Gol di Nielsen - Spareggio scudetto 07-06-1964 - Bologna-Inter 2-0


La storia dell’ultimo scudetto, il settimo, vinto dal Bologna è degna di un giallo o di una spy story. In quella stagione, la squadra emiliana allenata da Fulvio Bernardini era partita non troppo bene, ma da metà girone d’andata inanellò una serie di schiaccianti vittorie, esprimendo un calcio talmente scintillante da far dire al dottor Fuffo (nomignolo con cui si chiamava Bernardini): «Così si gioca solo in paradiso». Si arrivò al 4 marzo. Il Bologna, che tra le sue fila annoverava giocatori come Giacomo Bulgarelli, Haller e Nielsen, travolse il Torino per 4-1 ma pochi giorni dopo arrivò una sentenza shock dell’antidoping. I calciatori Fogli, Pascutti, Perani, Pavinato e Tumburus erano stati trovati positivi proprio in seguito a quella gara. Sulla squadra, da parte della giustizia sportiva piombò una squalifica di tre punti e la sospensione per un anno e mezzo del dottor Fuffo. L’intera città di Bologna si ribellò in massa, gridando (insieme ai giornali romani) al complotto dei poteri forti milanesi.

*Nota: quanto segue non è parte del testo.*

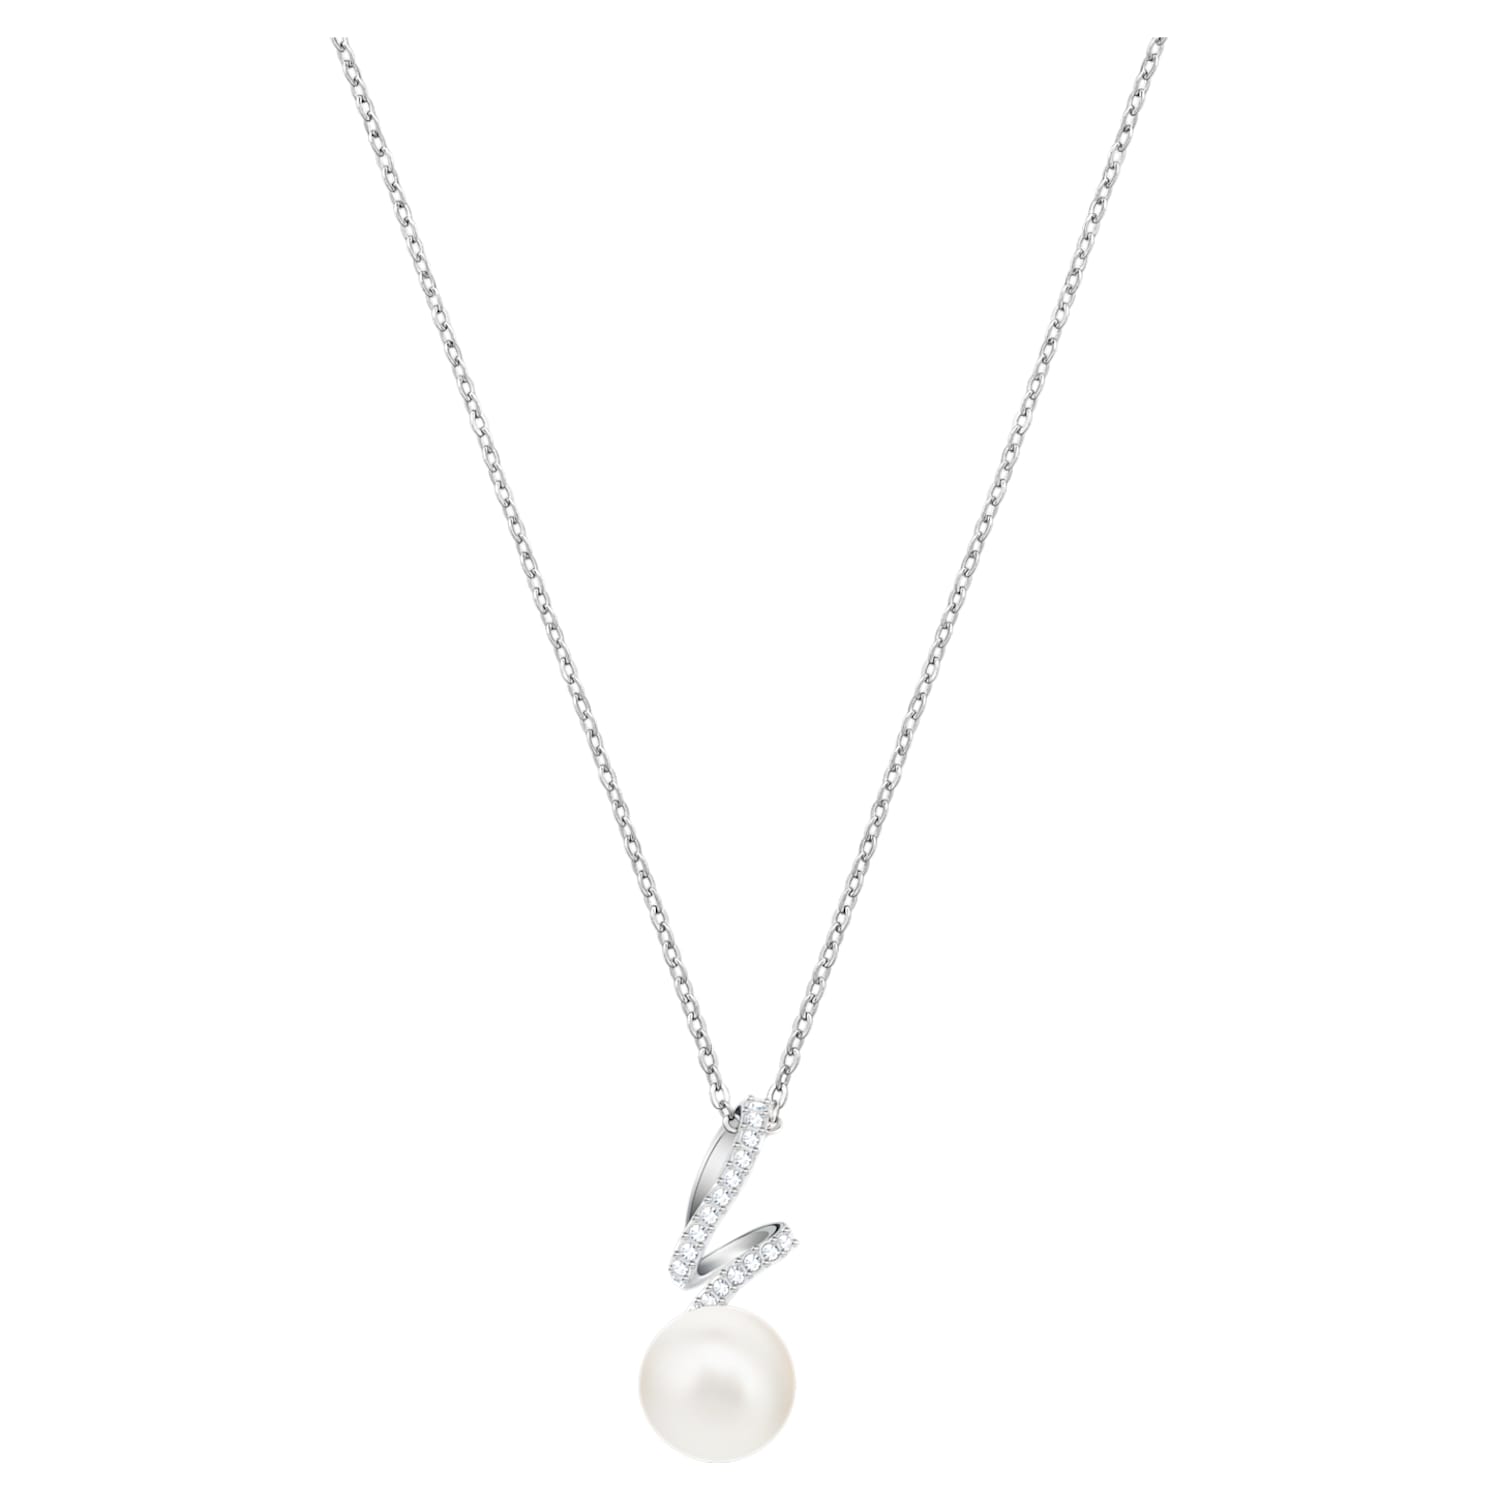 MoAndy Silver Plated Women Necklace Chain Pearl Round White Length 45+5CM

Il presidente Dall’Ara, malato di cuore, provò ad andarci cauto. Nel frattempo i tre avvocati della squadra rossoblù ricorsero alle vie legali della giustizia ordinaria. E qui il mistero si fece ancora più fitto. Le provette con le urine si trovavano in parte a Coverciano, in parte alle Cascine. Il fatto è che quelle che si trovavano alle Cascine stavano in un luogo in ristrutturazione, non erano sigillate e nello stesso frigo che le conteneva i carabinieri trovarono delle fiale di anfetamina. Le analisi fatte eseguire dalla magistratura ordinaria, inoltre, rivelarono nei campioni di urine un quantitativo tale di anfetamine da stroncare un cavallo. Nelle urine di Coverciano, al contrario, non fu trovata traccia di sostanze dopanti. Una manomissione? La sentenza del tribunale di Firenze arrivò a maggio e assolse totalmente i giocatori e la società. La caf, cioè la giustizia sportiva, fu obbligata ad adeguarsi a quella sentenza e al Bologna vennero ridati i tre punti conquistati col Torino e in classifica gli emiliani ritornarono primi con l’Inter.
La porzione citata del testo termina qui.